This sunday on Framework  resonance.fm : “these are few of my favorite things”  by i8u
/*framework* / – phonography / field recording;
contextual and decontextualized sound activity
presented by patrick mcginley

framework broadcasts:
– sunday, Jan 30.2011 -10pm, london, uk on resonance 104.4fm (http://www.resonancefm.com)
– tuesday, Feb.01.2011 – 2pm, london, uk on resonance 104.4fm (http://www.resonancefm.com)
– wednesday, Feb.02.2011 – 1am, thessaloniki, gr on cooradio (http://www.cooradio.com)
– wednesday, Feb.02.2011 – 3am, lisbon, pt on radio zero (http://www.radiozero.pt)
– thursday, Feb.03.2011 – 7pm, lisbon, pt on radio zero (http://www.radiozero.pt)
– friday, Feb.04.2011 – 1am, brussels, be on radio campus 92.1fm (http://www.radiocampusbruxelles.org)
– saturday, Feb.05.2011 – 7am, new york state, us on wgxc 90.7fm (http://www.wgxc.org)
– saturday, Feb.05.2011 – 5pm, south devon, uk on soundartradio 102.5fm (http://www.soundartradio.org.uk)

~ time zone converter:  http://www.timeanddate.com/worldclock/converter.html ~

Framework – i8u – my favorite things (Installment  #7)

Happy New Year and welcome back to  “these are a few of my favorite things”.

As mentioned in earlier installments, my interpretation of field recording based works, is very broad however, the thread I like to follow is to find  artists who have mastered  their unique identity through the music of sound.

This 7th installment will  focus on the label DER, Dragon’s eye recordings, based in LA and run by sound artist Yann Novak.

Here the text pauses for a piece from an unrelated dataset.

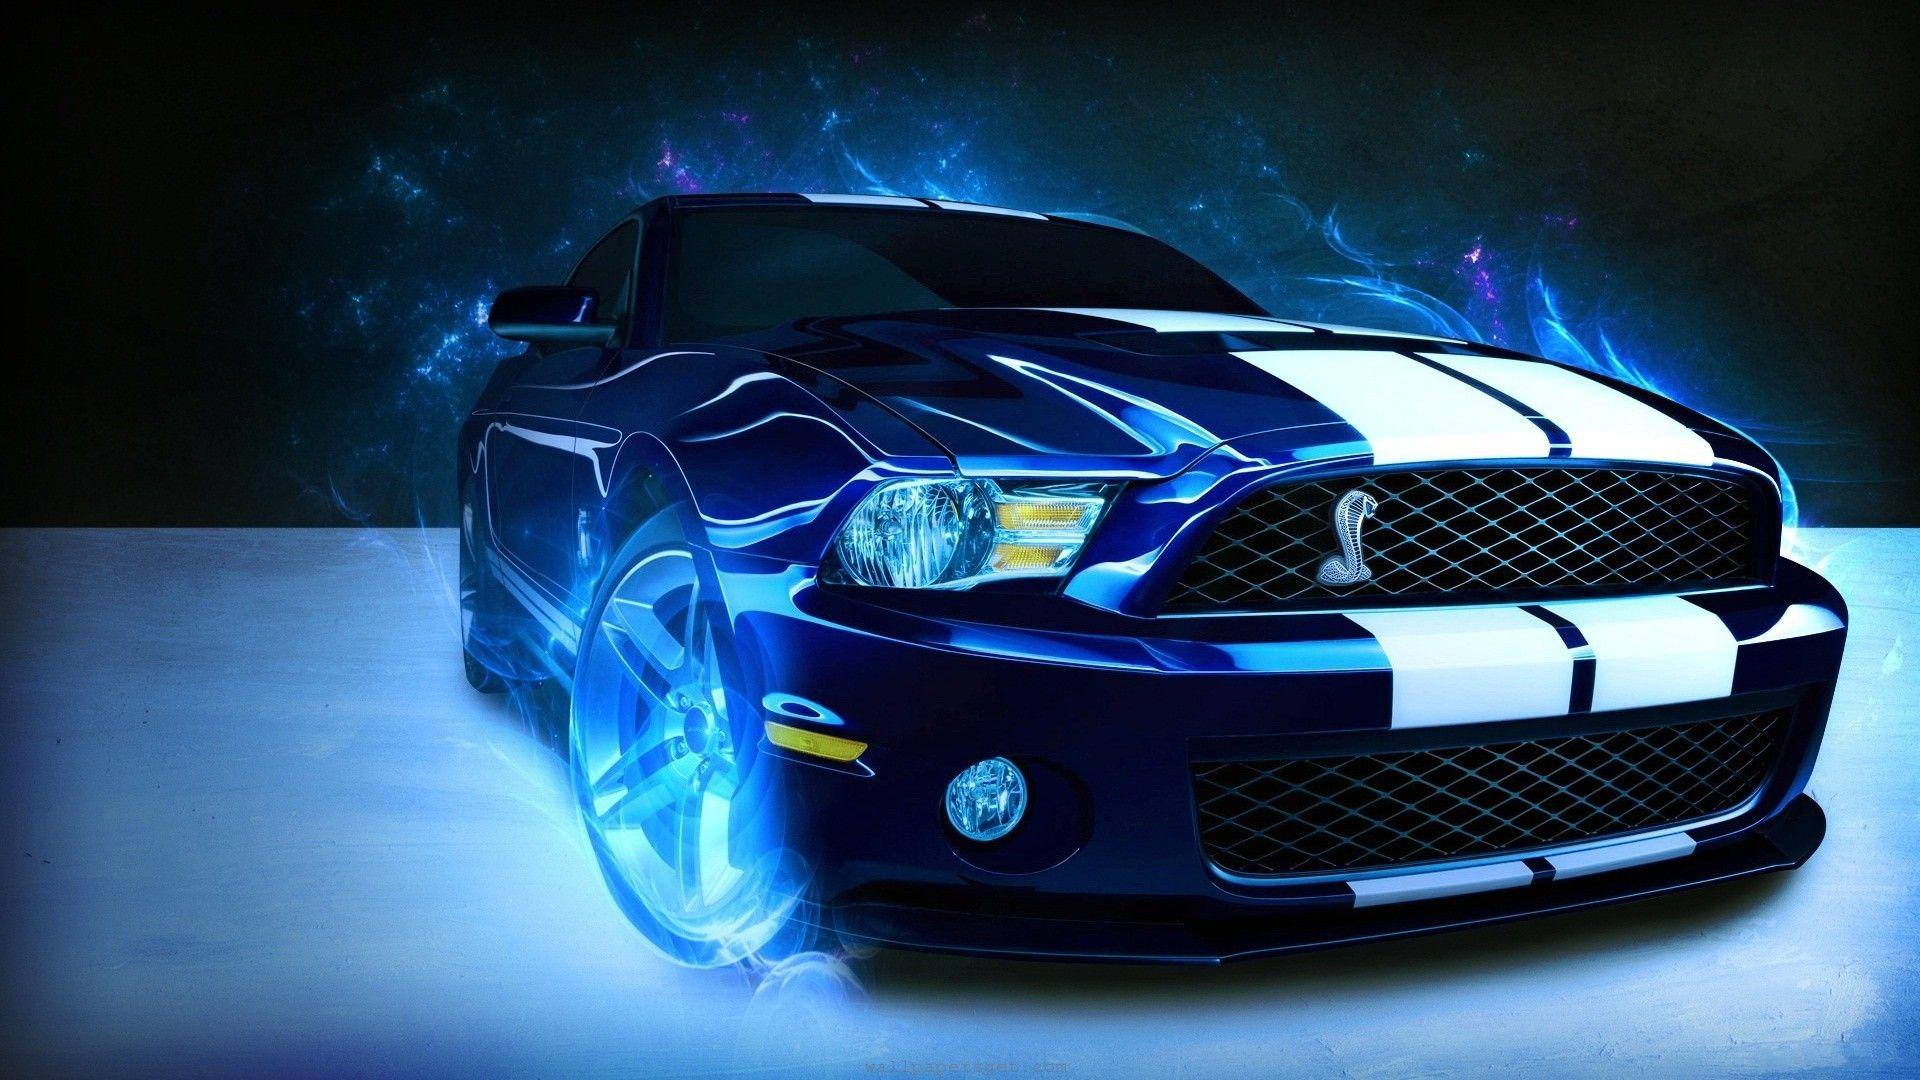 Ford Mustang Blue Laptop Wallpaper Free Ford Mustang Blue Laptop Background

Focusing on limited edition releases by emerging and mid-carrier sound artists, composers and producers, Dragon’s Eye’s goal is to foster personal and artistic relationships with its artists and to function as a meeting ground for its artists to further develop relationships with one another. The curation of the imprint by Novak is done primarily through real world relationships, with some virtual exceptions. By focusing on human interactions and talent, rather than style or genre, Dragon’s Eye’s catalogue has slowly become a melting pot of sounds, processes and practices.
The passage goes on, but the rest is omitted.